Каждый день прилетают самолетами новые специалисты. Раньше я наших всех знала в лицо, а теперь придешь в магазин — надо знакомиться… Пекарня стала две выпечки делать… Хлеба не хватает.
— Газопровод мимо нас пройдет, — подтвердил Иван Сидорович, сразу оживляясь. — Просеку уже пробили, тайгу высветлили. Пятьдесят пять лет мне скоро стукнет, а я, как мальчишка, не перестаю удивляться нашим планам, их грандиозности. Вроде Маяковский сказал: «Люблю я планов громадье!». — Почесал озабоченно голову. — Тревожно в мире. То и дело читаешь в газетах о государственных переворотах, фашистских сборищах. Идут войны. Убивают людей в разных частях света. Мы, фронтовики, против войн. Горе не прошло. Стоит вглядеться в глаза вдов, в их морщины и седые волосы. Мы отстроили города, сожженные деревни, но память постоянно напоминает о пережитом, о днях войны. Сейчас мы начали жить хорошо, в домах полный достаток. Это радует. Пришла пора и нашему Северу обновляться. Есть у нас уголь, нефть, газ, пушнина, лес… Отдыхал я в прошлом году на берегу Черного моря под пальмами. Прямо фантастика: от теплого моря до Ледовитого океана наши границы.
— Самая северная точка — мыс Челюскина, — сказала я, показывая свои знания но географии. — А южная — Кушка!
— Точно, мыс Челюскина и Кушка, — кивнул головой Иван Сидорович. — У нас одиннадцать часовых поясов. Начнешь облетать по границе — устанешь переводить часы. Это наша страна. Союз Советских Социалистических Республик! Любить Родину надо.
— Правильно, надо любить! — с жаром подхватила Елизавета Прокофьевна. — Березки или песчаная коса на Оби — это кусочек Родины. Мои ребята приросли к Салехарду, никуда не хотят уезжать. А разобраться, есть много красивых мест, не в пример нашей тундре. Крым. Море и солнце. Да я никуда не поеду.
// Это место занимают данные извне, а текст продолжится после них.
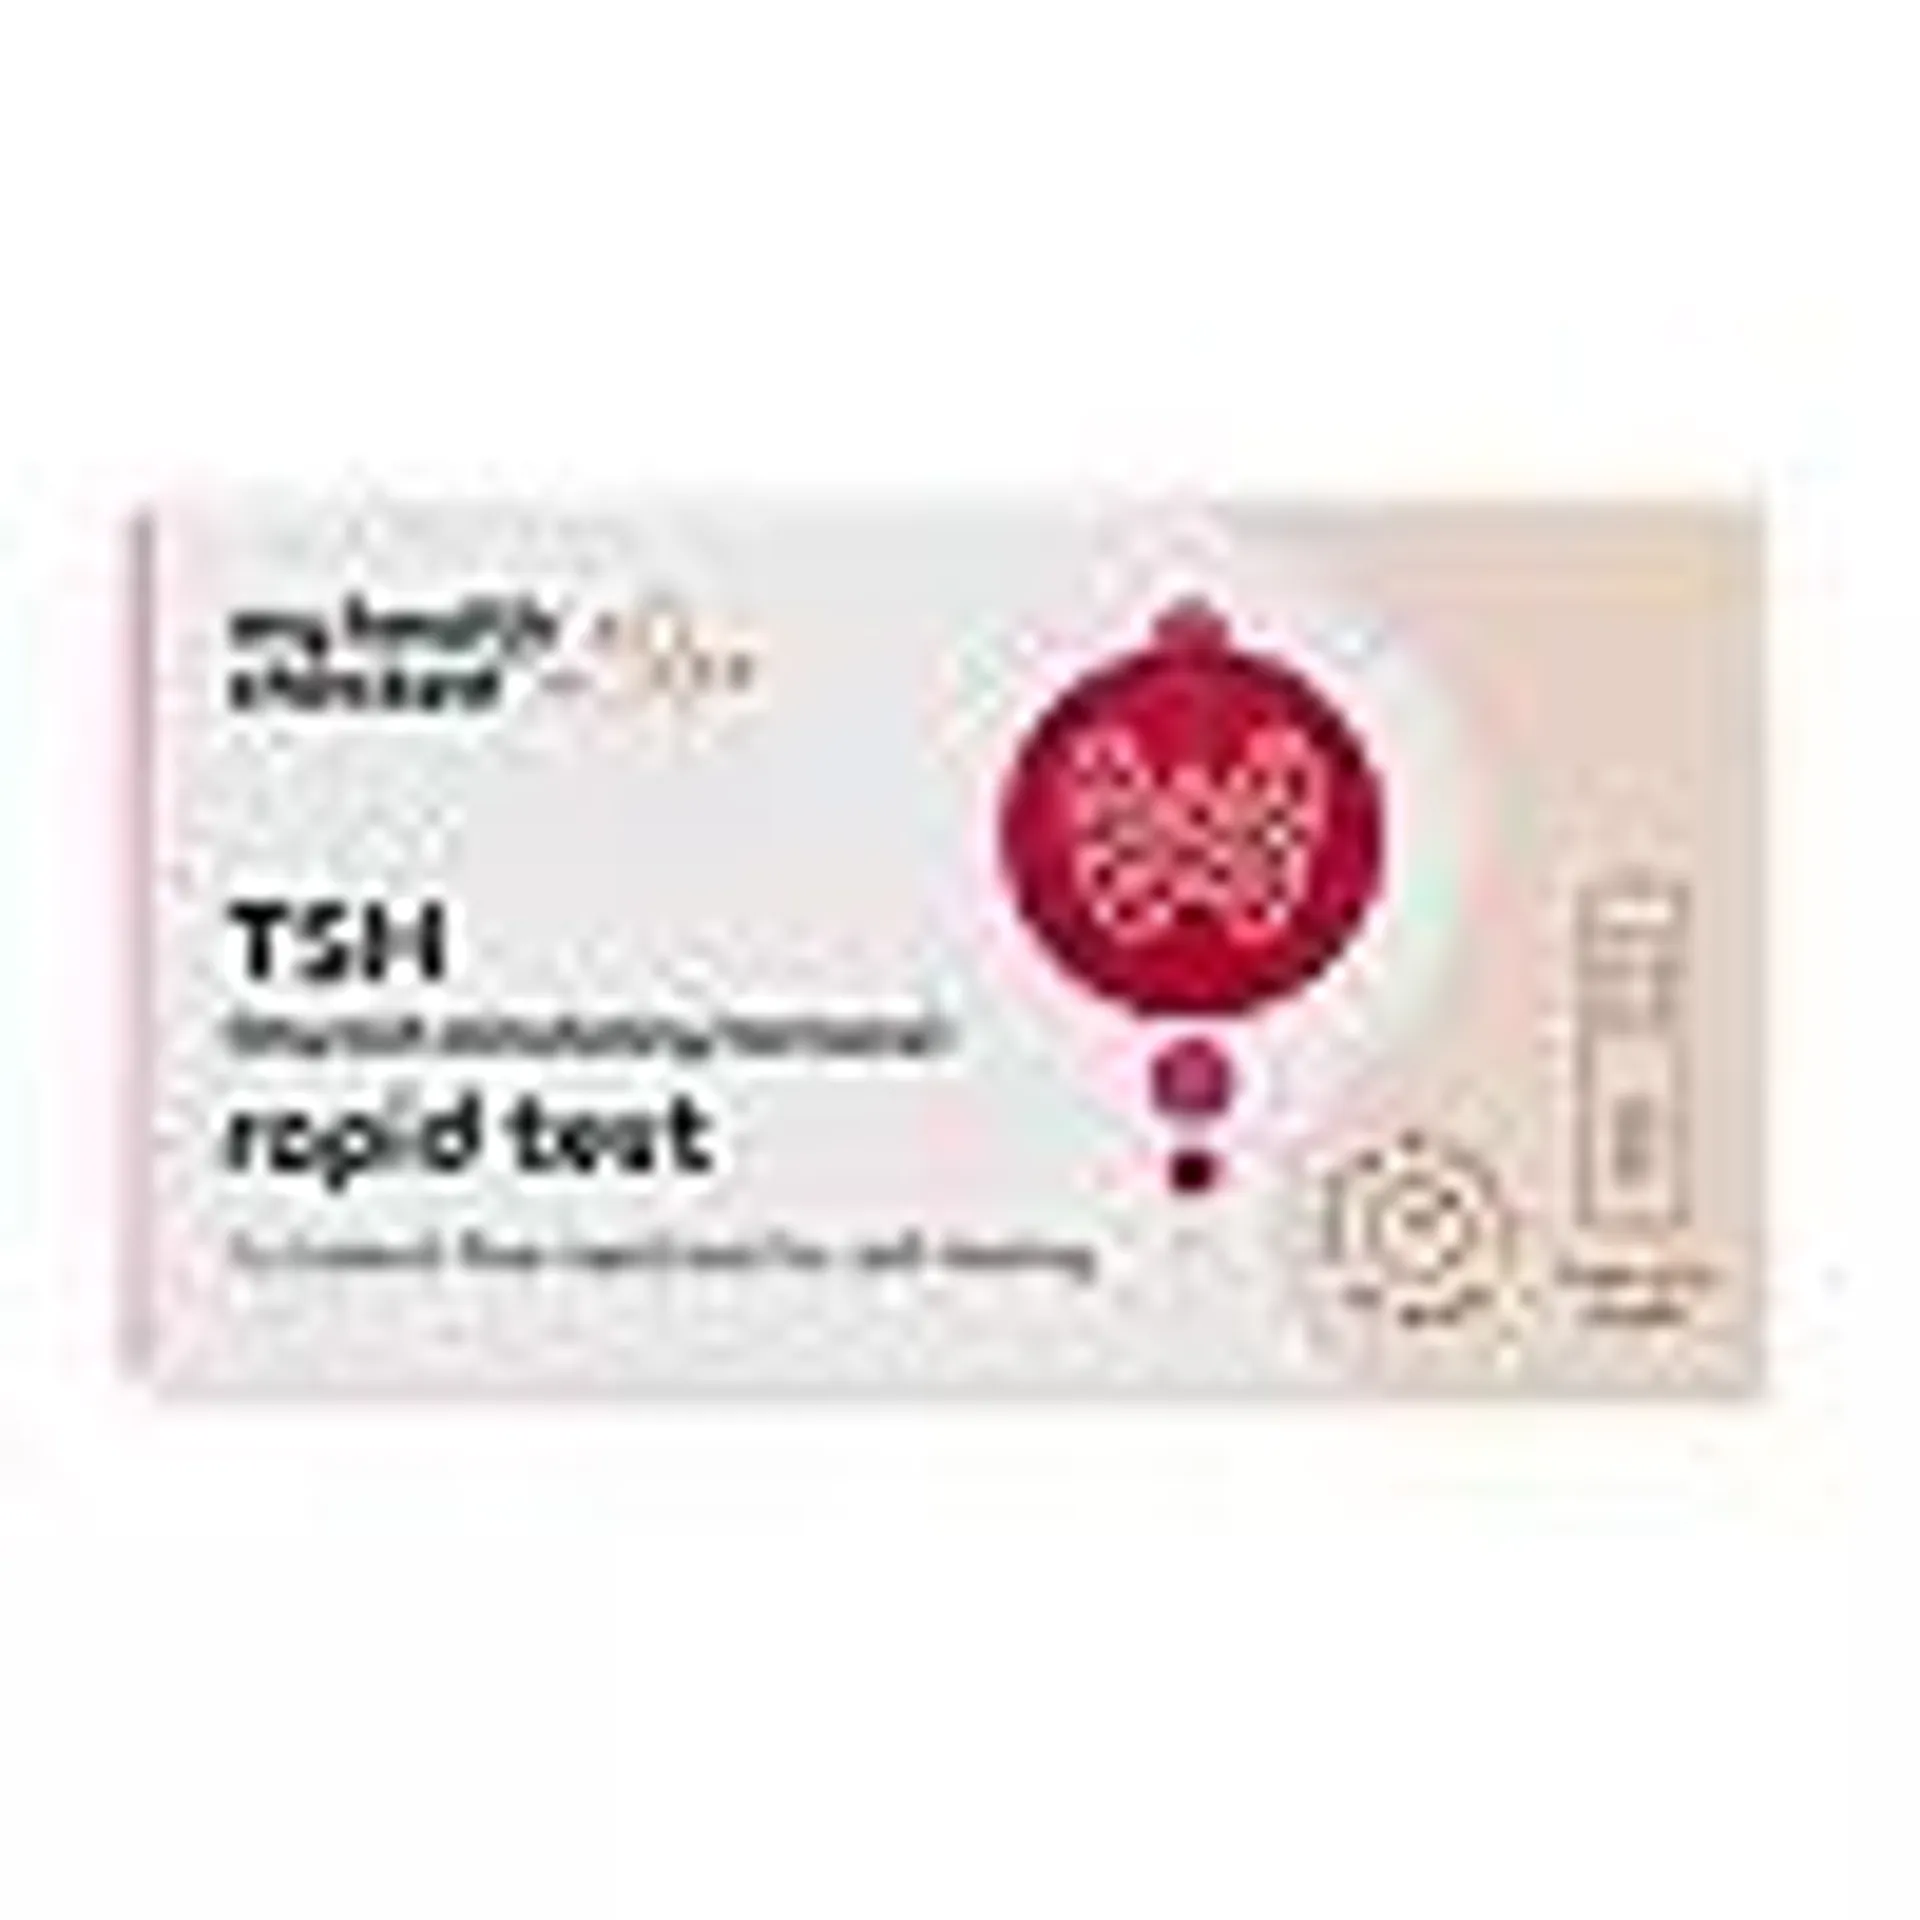 MyHealthChecked Thyroid Stimulating Hormone (TSH) Rapid Test

Живем хорошо. Видно, для каждого человека свое солнце светит. Для одного оно в Крыму, а для меня в Салехарде. Живу с ребятами. У меня их трое. Настя работает товароведом на пушной базе, Петя плавает на «Омике», а Кирилл преподает физкультуру в интернате.
— Про солнце вы хорошо сказали, — вставила Тамара. — Родилась я в Тюмени. А к Тазовскому привыкла. Сама чувствую. Интересно посмотреть, когда газопровод протянут. Мы с Елизаветой Прокофьевной вместе отдыхали по профсоюзной путевке, а сейчас возвращаемся домой к своему солнцу.
— А я москвичка. Родилась в Москве, ее люблю, — тихо сказала я и подумала: «А вот пришлось ее покинуть».
— Ты на практику? Или деньгу зашибать? — спросила Тамара, чуть удивленно глядя на меня. Прядка волос упала ей на лоб. Она быстро подбила ее пальцами.
— В экспедицию… Не знаю, как понравится, — я развела руками. — Или сколько меня смогут вытерпеть.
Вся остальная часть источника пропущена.